# Can temperature affect recurve limbs?



## Dado (Aug 1, 2004)

A shooter from my club says he felt his limbs "softened" a bit, and he had to lower his sight at a 2x70m tournament last weekend.
At our range we practice below a shade and there's forest like 10 yards aside the range, so it is always cool and bearable during summer...
Could a very different tournament setting (twice as hot than practice) really do what he says he felt?


----------



## Jim C (Oct 15, 2002)

yes, this was rather common a couple decades ago.

I have had some high quality limbs lose yardage in a very hot day


----------



## Dado (Aug 1, 2004)

good to know, thanks!


----------



## Landed in AZ (May 11, 2008)

Dado said:


> A shooter from my club says he felt his limbs "softened" a bit, and he had to lower his sight at a 2x70m tournament last weekend.
> At our range we practice below a shade and there's forest like 10 yards aside the range, so it is always cool and bearable during summer...
> Could a very different tournament setting (twice as hot than practice) really do what he says he felt?


Kiley's first year shooting we had no idea that temp could affect limbs. We went to shoot indoor Nationals and it was 75 degrees outside where we set up her bow and it was 52 degrees inside where she shot. 

We chased sight marks all night long and could not figure out what was going on. When I took down her bow, I noticed the brace height had changed considerably. This was the limbs due to the temp because the next day the brace height was way too high so I had to let out twists in the string. I kept an eye on it and we were able to maintain the sight marks and scores that day. It cost her the National Championship as she lost by just a few points that year.


----------



## Sighting In (Feb 5, 2009)

So do you think this could be a factor with a compound bow?


----------



## Jim C (Oct 15, 2002)

Landed in AZ said:


> Kiley's first year shooting we had no idea that temp could affect limbs. We went to shoot indoor Nationals and it was 75 degrees outside where we set up her bow and it was 52 degrees inside where she shot.
> 
> We chased sight marks all night long and could not figure out what was going on. When I took down her bow, I noticed the brace height had changed considerably. So the next day, I kept an eye on it and we were able to maintain the day. It cost her the National Championship as she lost by just a few points that year.


heat can play hell with some strings as well-the changing brace height suggests it was the string involved with your daughter.

I used to keep track of sight marks and the temperature years ago. I don't have time for that now nor can I recall the exact differences


----------



## Landed in AZ (May 11, 2008)

Jim C said:


> heat can play hell with some strings as well-the changing brace height suggests it was the string involved with your daughter.
> 
> I used to keep track of sight marks and the temperature years ago. I don't have time for that now nor can I recall the exact differences


It wasn't the string or it would have stayed that way. It was clearly the limbs. We have not shot wood core since then.


----------



## Jim C (Oct 15, 2002)

Landed in AZ said:


> It wasn't the string or it would have stayed that way. It was clearly the limbs. We have not shot wood core since then.

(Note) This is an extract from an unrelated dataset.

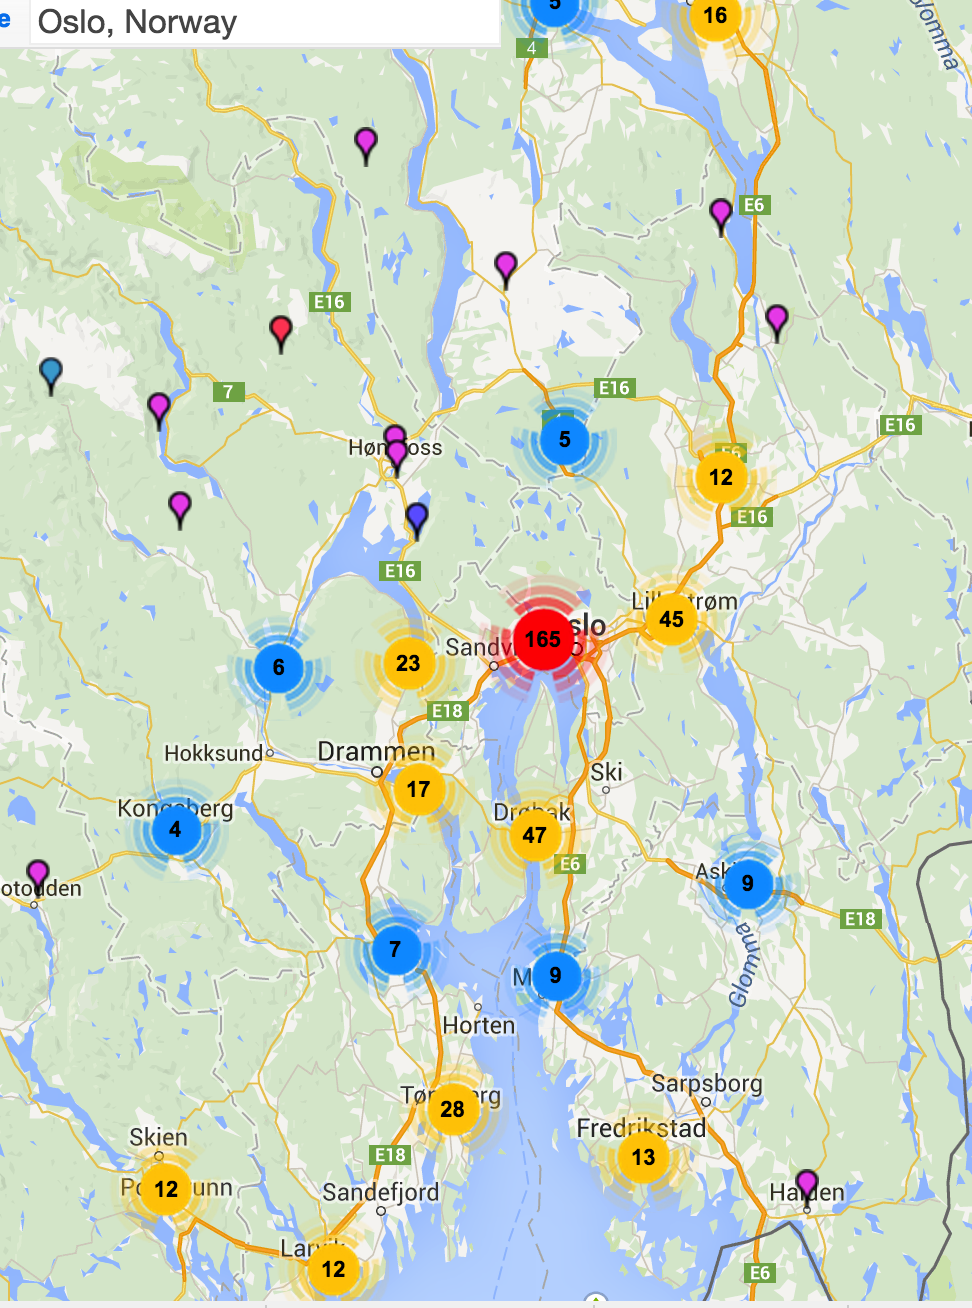 Oslo Area ZeeMap.png

Interesting. I never had much problem with Earl-made Sky limbs. I thought I was having some with my new F3's last week in 90 degree weather but the way I have been shooting I cannot say for sure


----------



## ScarletArrows (May 25, 2007)

Sighting In--Most likey not...compound limbs being carbon fiber and fiber glass would usually not be effected in normal temperature ranges. Strings on the other hand can be affected. Usually high temps can cause cables to stretch and throw off cam timing. 

In extreme temps you can cause the laminations of limbs of any type (recurve or compound) to come undone...which is why you don't leave your bow in your car during the summer.


----------



## VinZ (Apr 30, 2007)

I have seen a cheap black KAP suprise bow that stood out in the sun for a couple of hours. It was really bend out of shape. (for those that don't know: this bow is made of plastic). I would say temperature was/is a factor. 
Wooden limbs seem to have more sensitive than foam limbs. I have shot (cheap) wooden limbs in the rain and noticed a (big) drop in performance. I haven't noticed a drop in performance when it was hot - but I had more trouble with the heat then my bow.


----------



## Big.Dave (Dec 13, 2009)

Are you sure its the limbs!! it just might be the conditions you are shooting in that affect your sight marks. Air density changes and there are archery equipment makers out there who have tested what happens to bows with extremes temp changes an found little or no change in wood or foam limbs some say the syntactic foam maybe more temp sensitive because of how the foam cores are made. The are also limb makers out there that have hyperflex core limbs that are specificly used because of its temp stability and light weight.

As for plastic training bow limbs keep em out of the sun.


----------



## LongStick64 (Aug 29, 2009)

I've been shooting Samick Universal Wood/Carbon all day outside today, Hazy Hot and Humid, No brace height changes at all. Using Brownell Astro Flight String. Great string, no creep at all and the shot feels soft as they claim.


----------



## Vidachi (Jan 13, 2010)

In my shooting and education I haven't heard about limbs changing much due to heat. I would imagine that it would contribute to warping, but I don't know about changing sight marks. I have heard about and seen strings change drastically due to heat. The string will lengthen on a hot day and that will make the brace height shorten. The string is only lengthening because of the heat, but it is not stretching. This means that when the bow is back at the same temperature that it was tuned, the string will shorten and the brace height will be accurate again. The only real way to catch this is to check and correct the brace height during the shoot. 

Compound bows have this same problem. Single cam bows are more extreme in their change because the string is so much longer to go around the wheel. Some strings are much more resistant than others to this process, but I have not researched which materials are best.


----------



## newyorkarcher (May 26, 2008)

well from one that shot 30 yrs ago when we shot in hot weather we always tried to keep our bows out of the sun when we could.we also moved our marks lower after lunch.after doing this for awhile you could figure out where to put the sight.its hard to break habits so i still do it now.
Phil


----------



## Duss (May 23, 2006)

When I started shooting outdoors in 2006, I was using an old Black Widow bow. It was very efficient, but all its settings were changing depending on the temperature. More so because the riser is all metal and because of the hand temperature. 
When it was very hot or very cold I foud that by coming back quickly from the targets after scoring and putting my hand back on the grip immediately I could save a lot of points.


----------